January 22, 2013
Second try at a translation of the third Go version. It seems to work correctly (comments welcome), but it seems slower:

http://codepad.org/y1LnjLl0

Bye,
bearophile
January 22, 2013
On Tuesday, 22 January 2013 at 09:47:25 UTC, monarch_dodra wrote:
> Avoids deadlock.
>
> imagine 2 threads:
> a: from 2 to 5.
> b: from 5 to 2.
>
> If both threads acquire their first lock, then you have a dead lock, and your program is basically dead.
>
> By always locking low first, you avoid the deadlock in a rather simple but elegant way.

Ah neat. And what about the case from = to? Why doesn' that deadlock in this code? (Concurrency is rather new to me)
January 22, 2013
On Monday, 21 January 2013 at 20:35:16 UTC, bearophile wrote:
> qznc:
>
>> Code: http://dpaste.dzfl.pl/e6615a53
>>
>> Any comments or improvements?
>
> I have reformatted your code a little, according to the style used in all other D entries of RosettaCode:
>
> http://codepad.org/ceDyQ8lE
>
> The usage of a sink for toString() isn't common, but it's OK.
>
> I suggest to add something to make it stop after 20 seconds or so (I run all the rosettacode entries every so often to test them, so I prefer them to not go on forever. Some entries are required to produce infinite loops, but I think this time it's not necessary).
>
>
>> I actually implemented a more scalable version than most of the other languages used, by using a lock per item instead of a single lock for the whole array.
>
> Then I suggest you to add this comment before the entry.
>
> Bye,
> bearophile

I note you always seem to use "in" in your functions and on reddit seemed to imply that this was the idiomatic way of using D yet I recall Jonathan M Davies posting that using "in" was a bad idea.
January 22, 2013
On Tuesday, 22 January 2013 at 18:10:27 UTC, cal wrote:
> On Tuesday, 22 January 2013 at 09:47:25 UTC, monarch_dodra wrote:
>> Avoids deadlock.
>>
>> imagine 2 threads:
>> a: from 2 to 5.
>> b: from 5 to 2.
>>
>> If both threads acquire their first lock, then you have a dead lock, and your program is basically dead.
>>
>> By always locking low first, you avoid the deadlock in a rather simple but elegant way.
>
> Ah neat. And what about the case from = to? Why doesn' that deadlock in this code? (Concurrency is rather new to me)
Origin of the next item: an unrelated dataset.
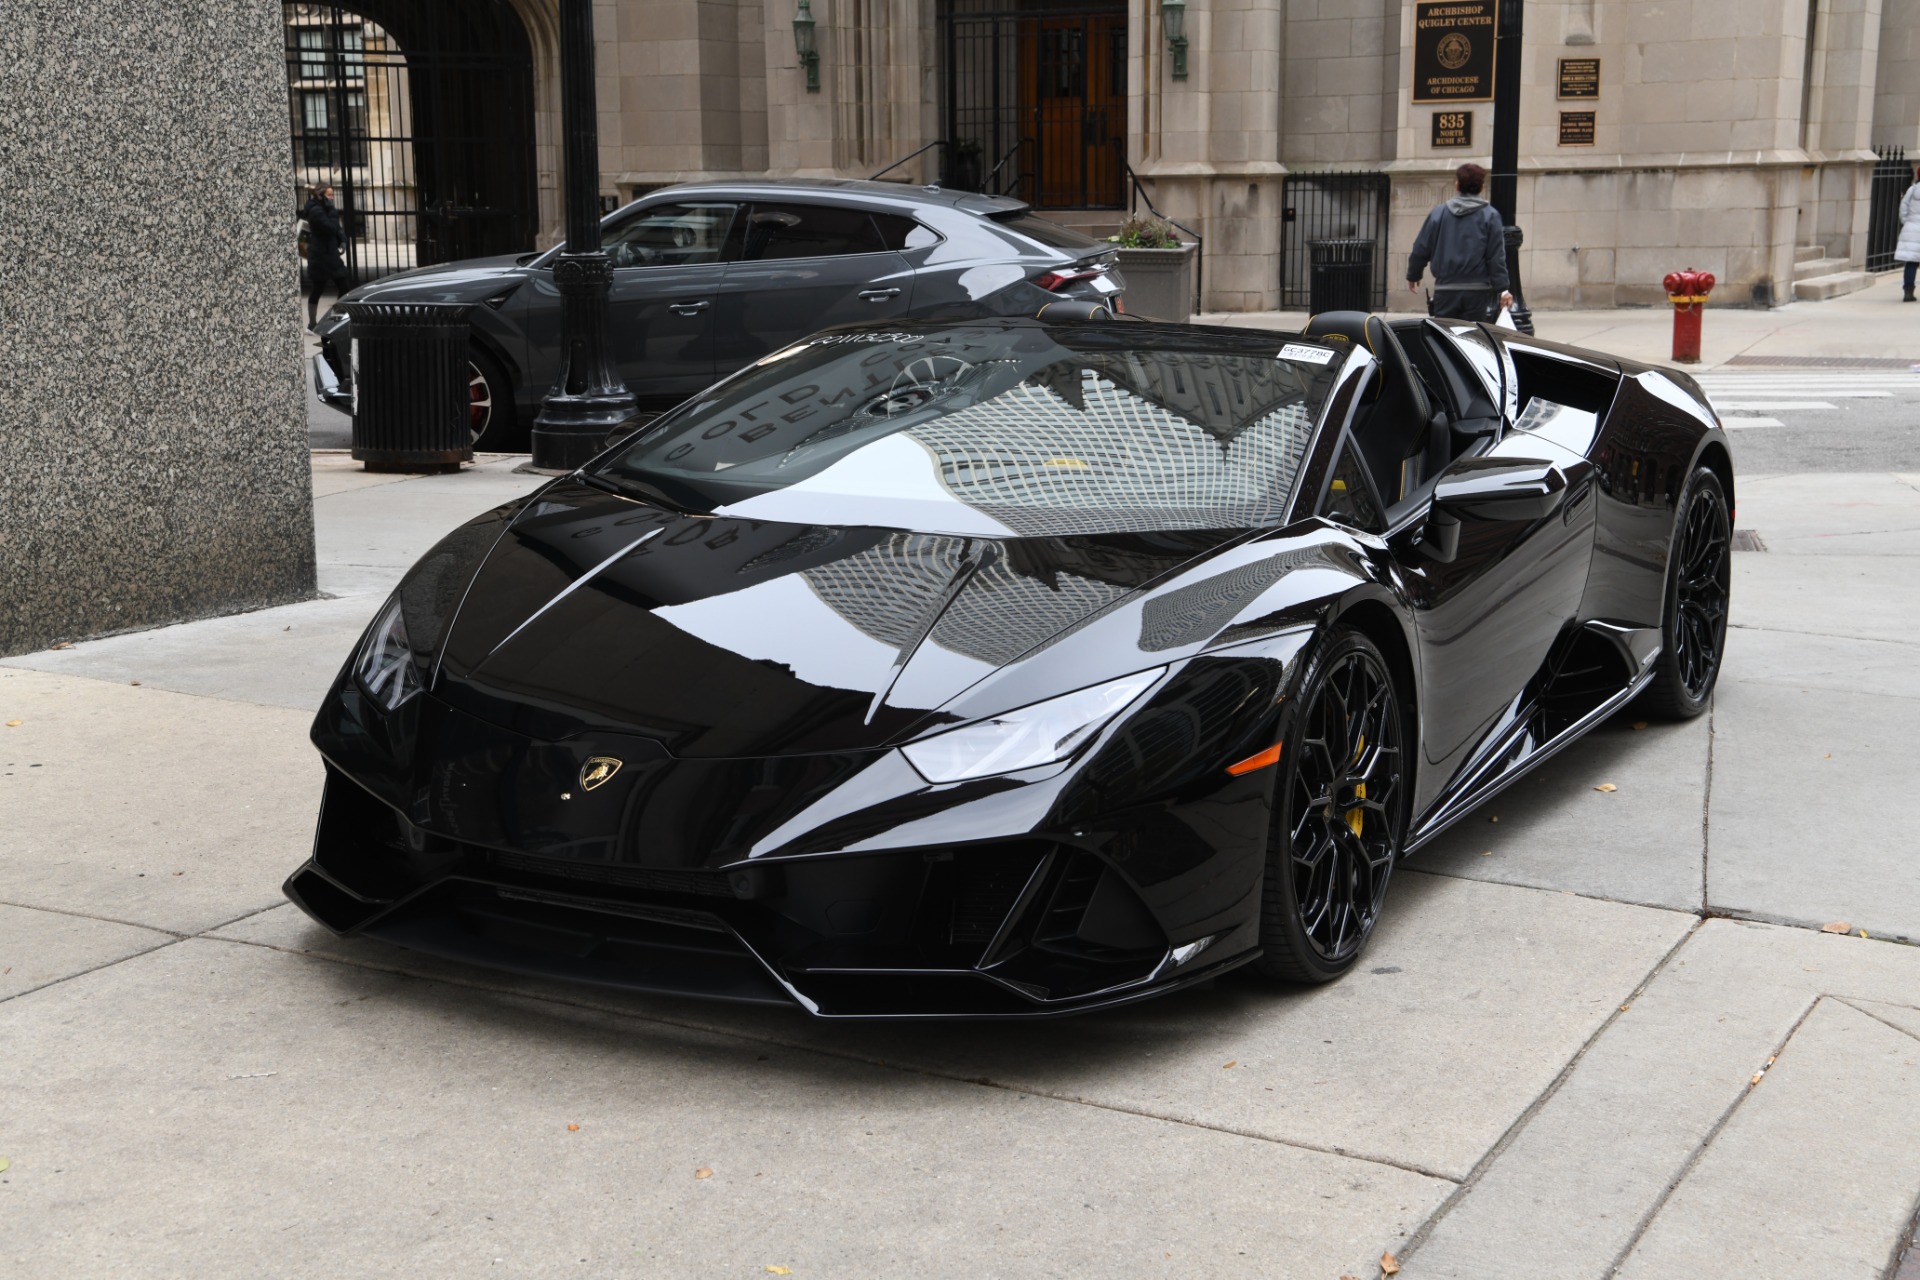 https://www.lamborghinigoldcoast.com/imagetag/10411/2/l/Used-2020-Lamborghini-Huracan-Spyder-LP-640-4-EVO-Spyder-1700941692.jpg

Because a single thread may acquire the same lock more than once. At which point, it will increment the lock counter. The lock is released when the counter reaches zero.

This allows having easy "nested" logic, where a function does not have to worry if the caller function already has a lock.
January 22, 2013
ixid:

> I note you always seem to use "in" in your functions and on reddit seemed to imply that this was the idiomatic way of using D yet I recall Jonathan M Davies posting that using "in" was a bad idea.

I think "in" is supposed to be(come) idiomatic, because it's short, and it's supposed to combine two attributes that you usually want, const and scope.

On the other hand scope for arguments is not implemented yet (and Walter doesn't show lot of interest in implementing it, I don't know why. Few days ago Hara has said he wants to try to implement scope. But it's a lot of work, so I don't know if and when he will be done). So if you annotate something with scope, and you let the reference escape, the code now compiles, but later will break.

Breaking the D code on Rosettacode is acceptable, because that site is like a wide variety of tiny test programs. So using "in" in Rosettacode is good. But if you are writing a largish D2 project, then Jonathan is right, it's better to not use "in" and scope arguments, unless you want to fix ton of future errors.